MgSiO3-rich perovskite-type phase is the most abundant mineral inside the Earth. This paper reports a novel phase transition from MgSiO3 perovskite to a new high-pressure form that possesses CaIrO3-type structure above 125 GPa and 2500 K. It indicates that this new phase, called as "post-perovskite phase," is a major constituent mineral at ~2600-2900-km depth, the bottom several hundred kilometers of the Earth’s mantle.

“This work is probably the most important discovery in high-pressure mineral physics since 1974 when the MgSiO3 perovskite phase was first synthesized at a pressure of 30 GPa.”

This paper has attracted the interest of many people because a variety of seismic anomalies may be reconciled with this new mineral. The Earth’s lower mantle (660-2900-km depth) is a seismically "quiet" region except at its bottom. In contrast, the large velocity discontinuity and shear-wave anisotropy have been observed in the lowermost mantle, called the D" region. These anomalies could not be explained with the known mantle minerals.

This new phase transition may have large effects on the style of mantle convection, depending on the pressure/temperature slope of the phase transition boundary. The topography of the seismic discontinuity at the D" region suggests a positive pressure/temperature slope. It is also supported by the most recent theoretical calculations. If it is true, the post-perovskite phase transition activates the heat transport from the base of the mantle that directly contacts with the hotter metallic core. Results of computer simulation studies on mantle convection suggest that temperature of the uppermost mantle increases by several hundred degrees when taking this phase transition into account.

This work is probably the most important discovery in high-pressure mineral physics since 1974 when the MgSiO3 perovskite phase was first synthesized at a pressure of 30 GPa.
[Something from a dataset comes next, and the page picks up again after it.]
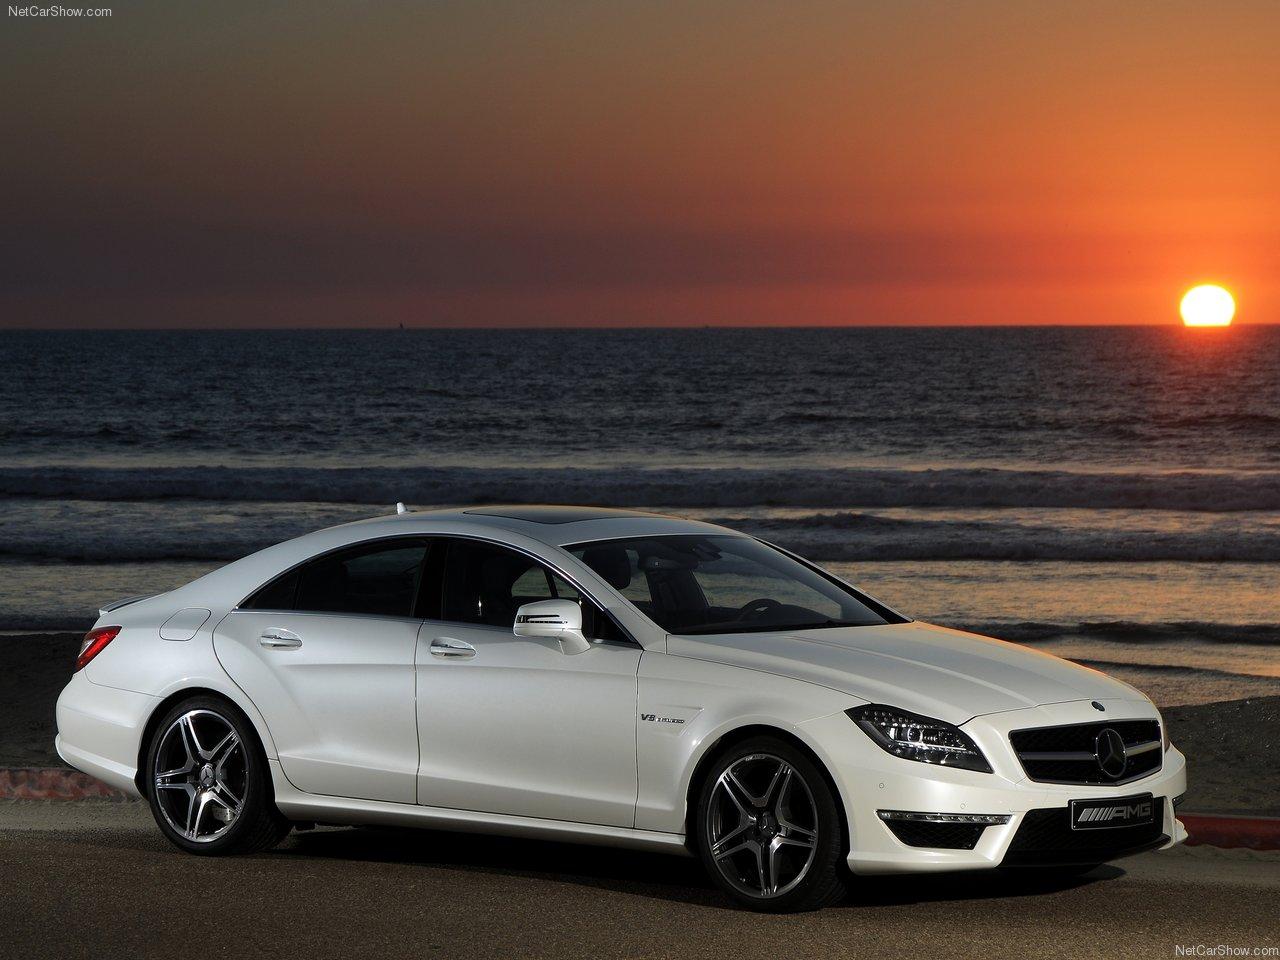 http://1.bp.blogspot.com/-tfQYx91Xs_0/TWiaCmXANzI/AAAAAAACLJE/OkS0-ypYvd0/s1600/Mercedes-Benz-CLS63_AMG_US_Version_2012_1280x960_wallpaper_03.jpg

Phase transition to the post-perovskite phase is a kind of surprise, because a pressure-induced phase transition from perovskite to denser structure was not known in ABX3 composition. This phase transition has never been proposed by theory.

Our experimental technique to synthesize material at high pressure and temperature is useful not only for Earth science but also for new materials research. Like graphite to diamond transformation, all materials undergo phase transition to high-pressure forms with increasing pressure. The high-pressure phase sometimes shows completely different physical properties. Material synthesis is now possible at 250 GPa and 2000 K by the laser-heated diamond anvil cell (LHDAC) techniques.
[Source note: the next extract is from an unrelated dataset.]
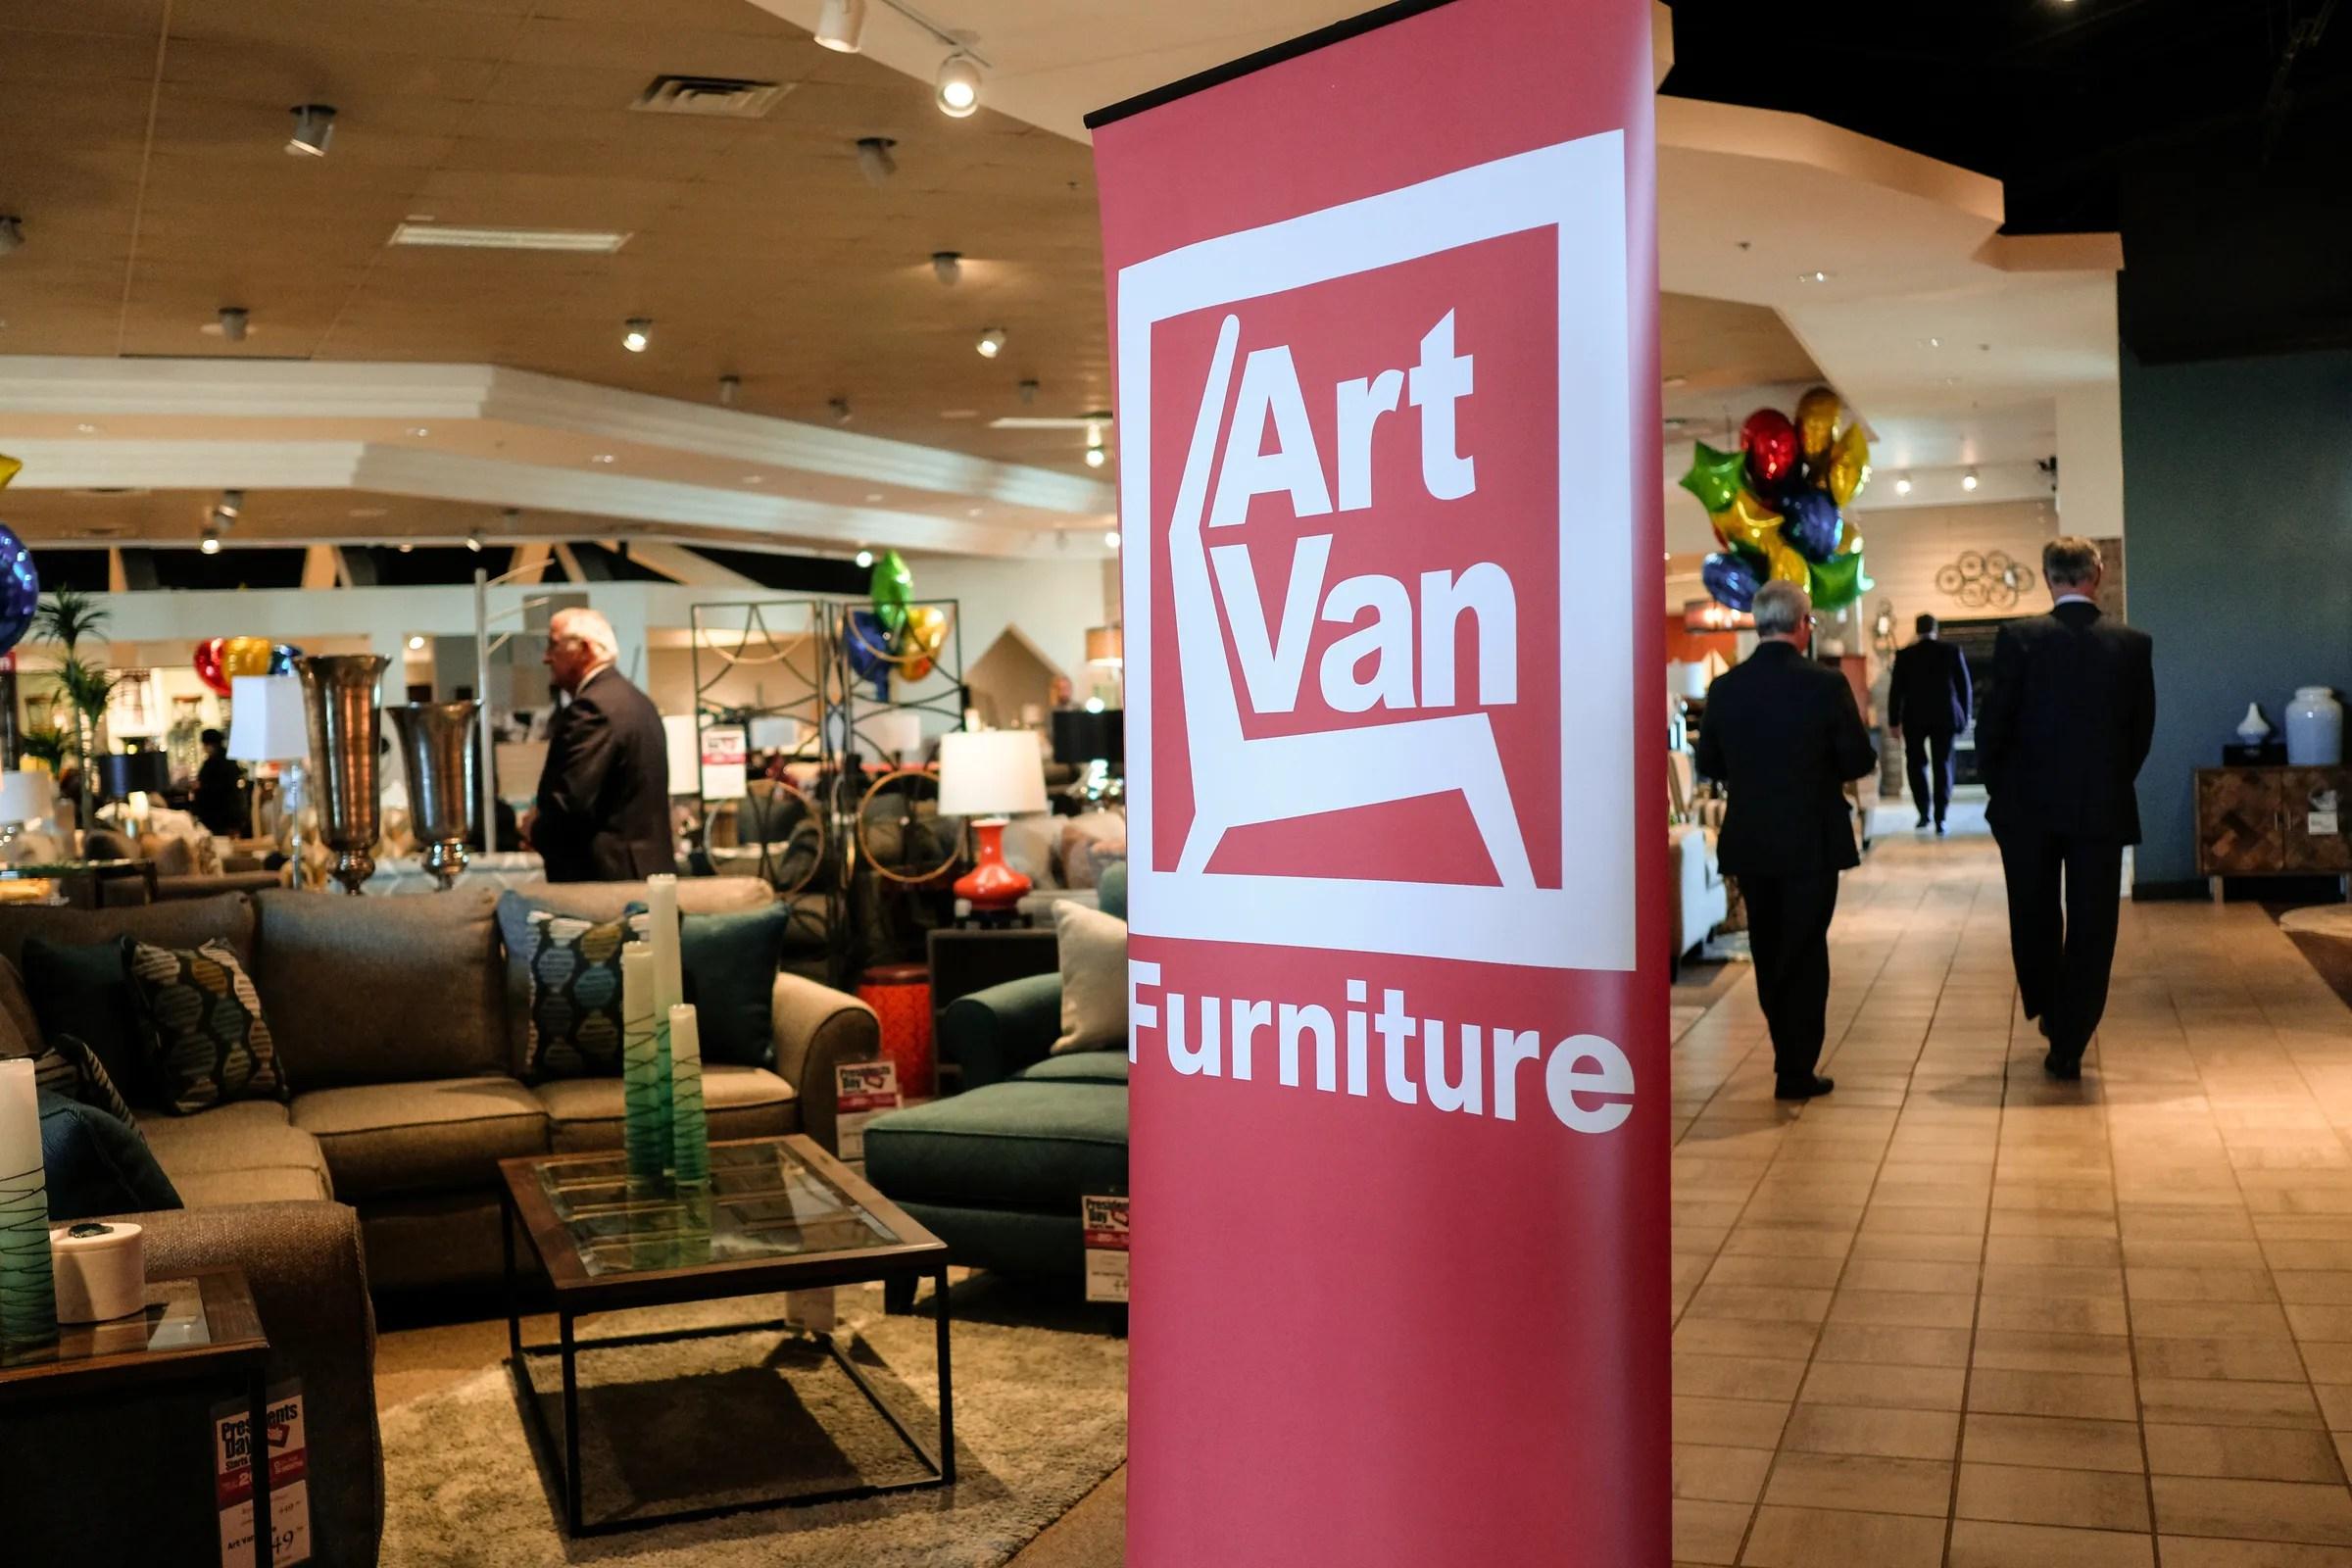 art van furniture to close its stores

The Earth’s mantle has a layered structure due to a structural change of its main constituent minerals. It has long been believed that the mantle is divided into four layers with three major phase transitions at 410, 520, and 660-km depths. Our discovery indicates that there is one more phase change at 2600-2700-km depth. The last phase transition and the fifth layer of the mantle were finally revealed by this study.

In addition, a long-term enigma in the deepest mantle may be reconciled with this new mineral. Since a number of large seismic anomalies cannot be explained with known mantle minerals, the lowermost mantle has long been the most enigmatic region in the Earth’s interior. It has often been discussed that these seismic anomalies are of thermal or chemical origin. Most of them can simply have been caused by the newly discovered post-perovskite phase.

MgSiO3 is a representative chemical composition of the Earth’s mantle. MgSiO3 adopts perovskite structure above 23 GPa, and is believed to be a predominant mineral, at least in the upper part of the lower mantle. However, the stability of MgSiO3 perovskite has never been confirmed in the deep lower mantle.

The pressure and temperature condition at the bottom of the mantle is 135 GPa and ~2500 K. It has been very difficult to generate such extreme conditions and collect x-ray diffraction data. We started x-ray experiments in 2001 at BL10XU of SPring-8, the largest synchrotron facility in the world. Due to a number of technical improvements, experiments over 100 GPa and 2000 K became possible recently. Only a few groups, including ours, are currently working at such conditions.

Our discovery largely owes to the above-noted technical improvements. We first performed x-ray diffraction experiments on MgSiO3 perovskite up to the condition at the base of the mantle. The phase transition of MgSiO3 perovskite was observed above 125 GPa and 2500 K.